In terms of anthropometric measures of obesity, we directly compared BMI and WC. In univariate analysis, BMI and WC were comparably associated with insulin resistance. Previously, we have examined the diagnostic capability of BMI and WC in predicting HOMA-IR ≥2.5 using receiver operating characteristic (ROC) analysis and reported that the area under the curve and 95% confidence intervals (CI) were similar between WC and BMI22, compatible with the results obtained with univariate analysis. However, the effect of BMI on HOMA-IR outweighed that of WC in multivariate analyses. These findings suggest that BMI is superior to WC for the prediction of insulin resistance when the interrelations among the components are taken into consideration. This discrepancy may arise in part from the validity of the currently used cut-off values for the prediction of insulin resistance. We have found previously that there are gender differences in BMI cut-off values (25 kg/m2 for men and 23 kg/m2 for women), as well as those of WC (88 cm for men and 82 cm for women), in predicting HOMA-IR ≥2.5 using ROC analysis22. When insulin resistance is targeted, the specific cut-off values for BMI and WC may need to be established. As long as the current cut-off values are used, we propose that BMI may be superior to WC for the prediction of insulin resistance.
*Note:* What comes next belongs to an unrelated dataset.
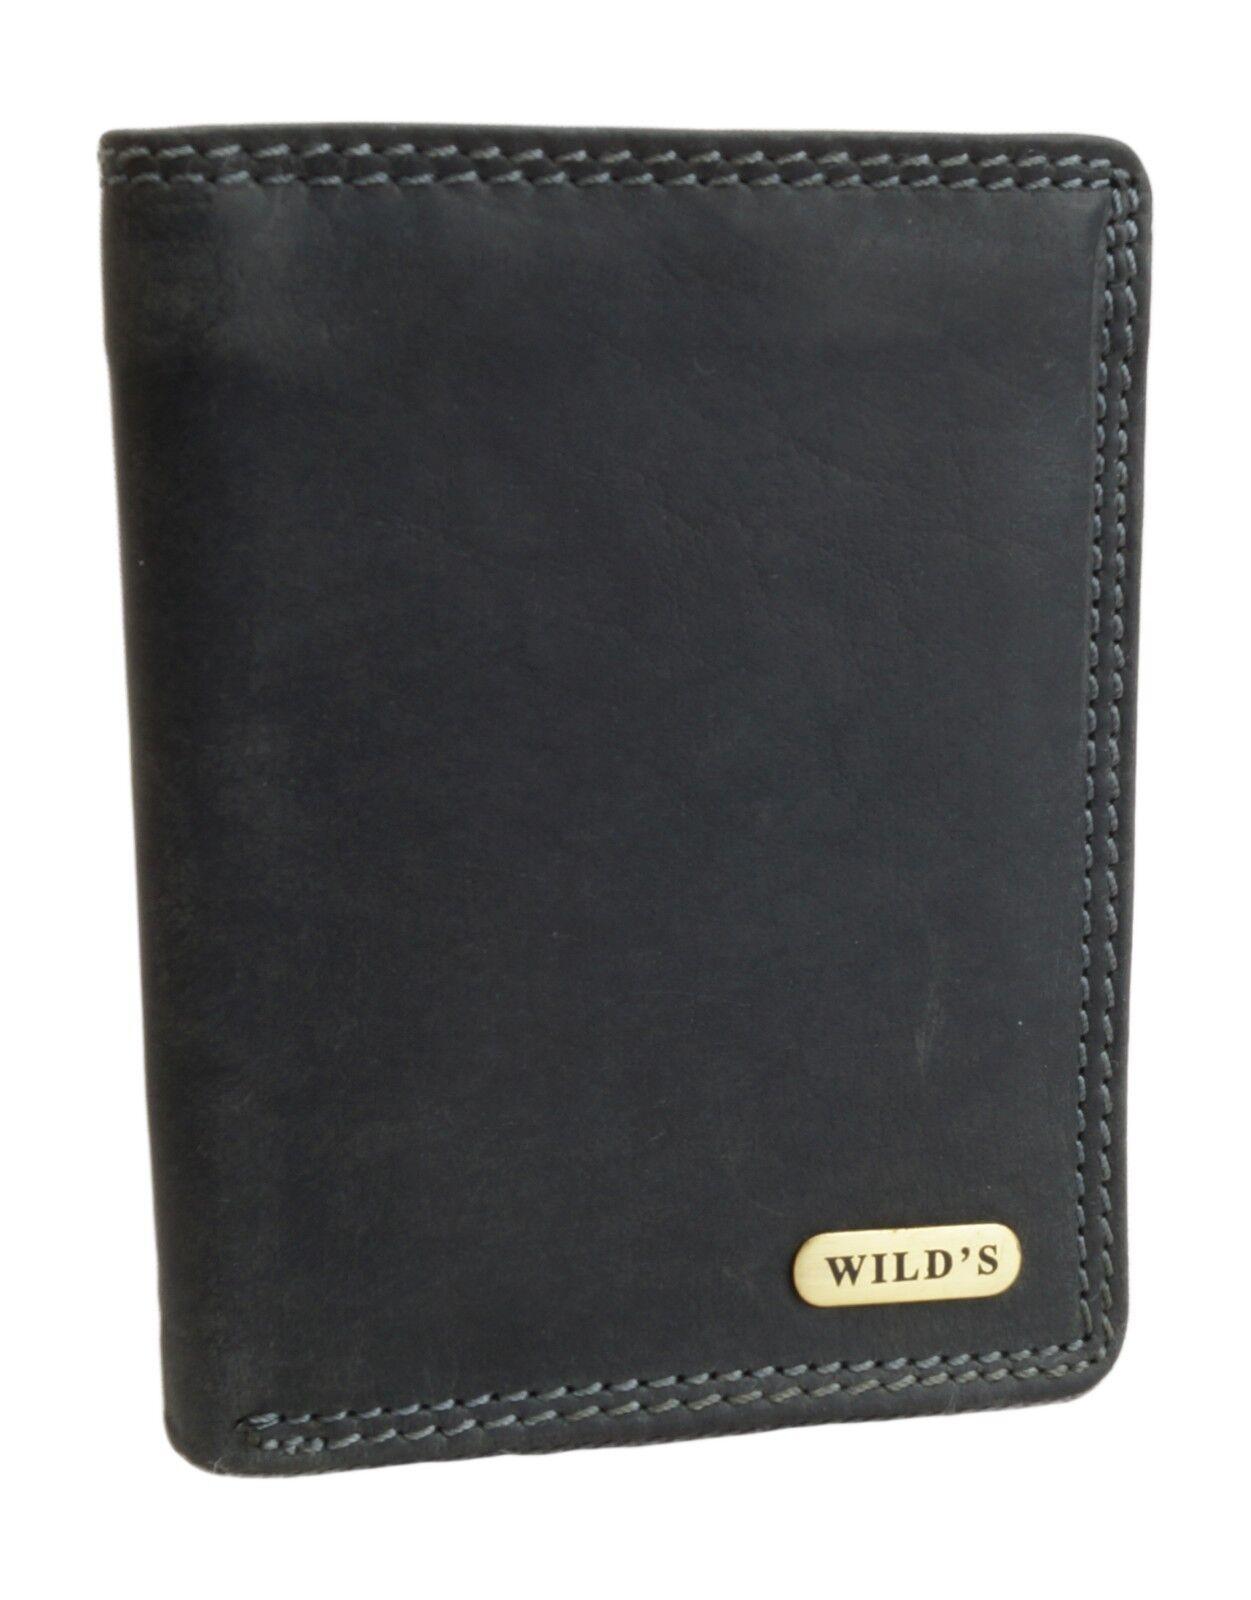 * Mens Wallet Wild's Biker Purse Small Wallet Wallet Black 1599 *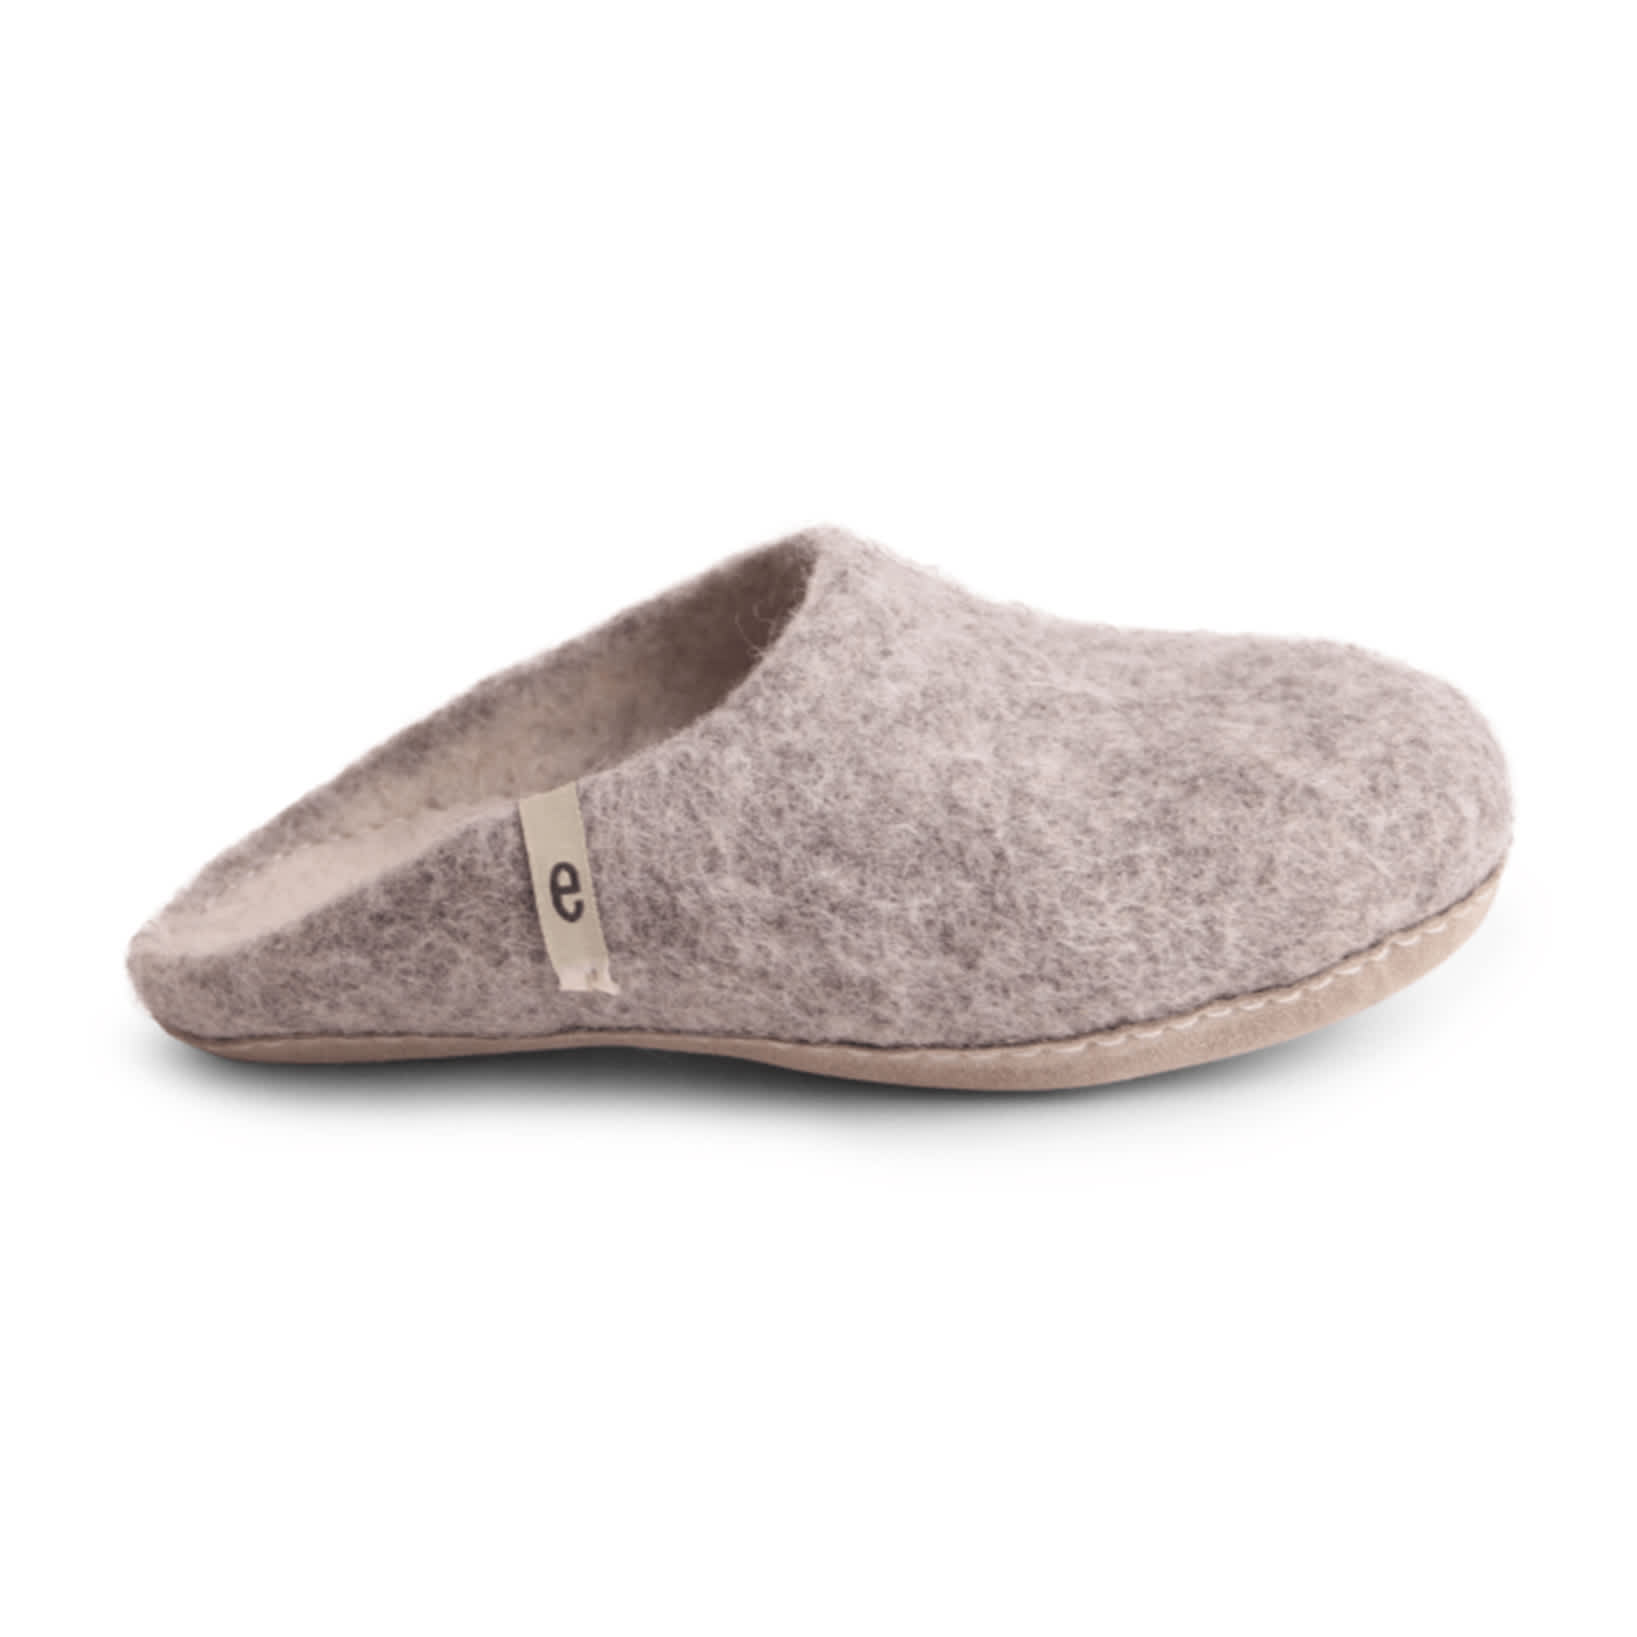 Men's Wool Slippers - Grey

Regarding hypertension, only SBP was selected as a component related to insulin resistance. This probably results from multicollinearity. When a set of variables is highly correlated with each other, only one of them can explain the model. Because the correlation between SBP and DBP was high (= 0.827 in men and = 0.759 in women), individuals with high SBP are likely to have high DBP and therefore only SBP can represent the measure of hypertension. The association between insulin resistance and hypertension is less tight among the other MetS components5,23.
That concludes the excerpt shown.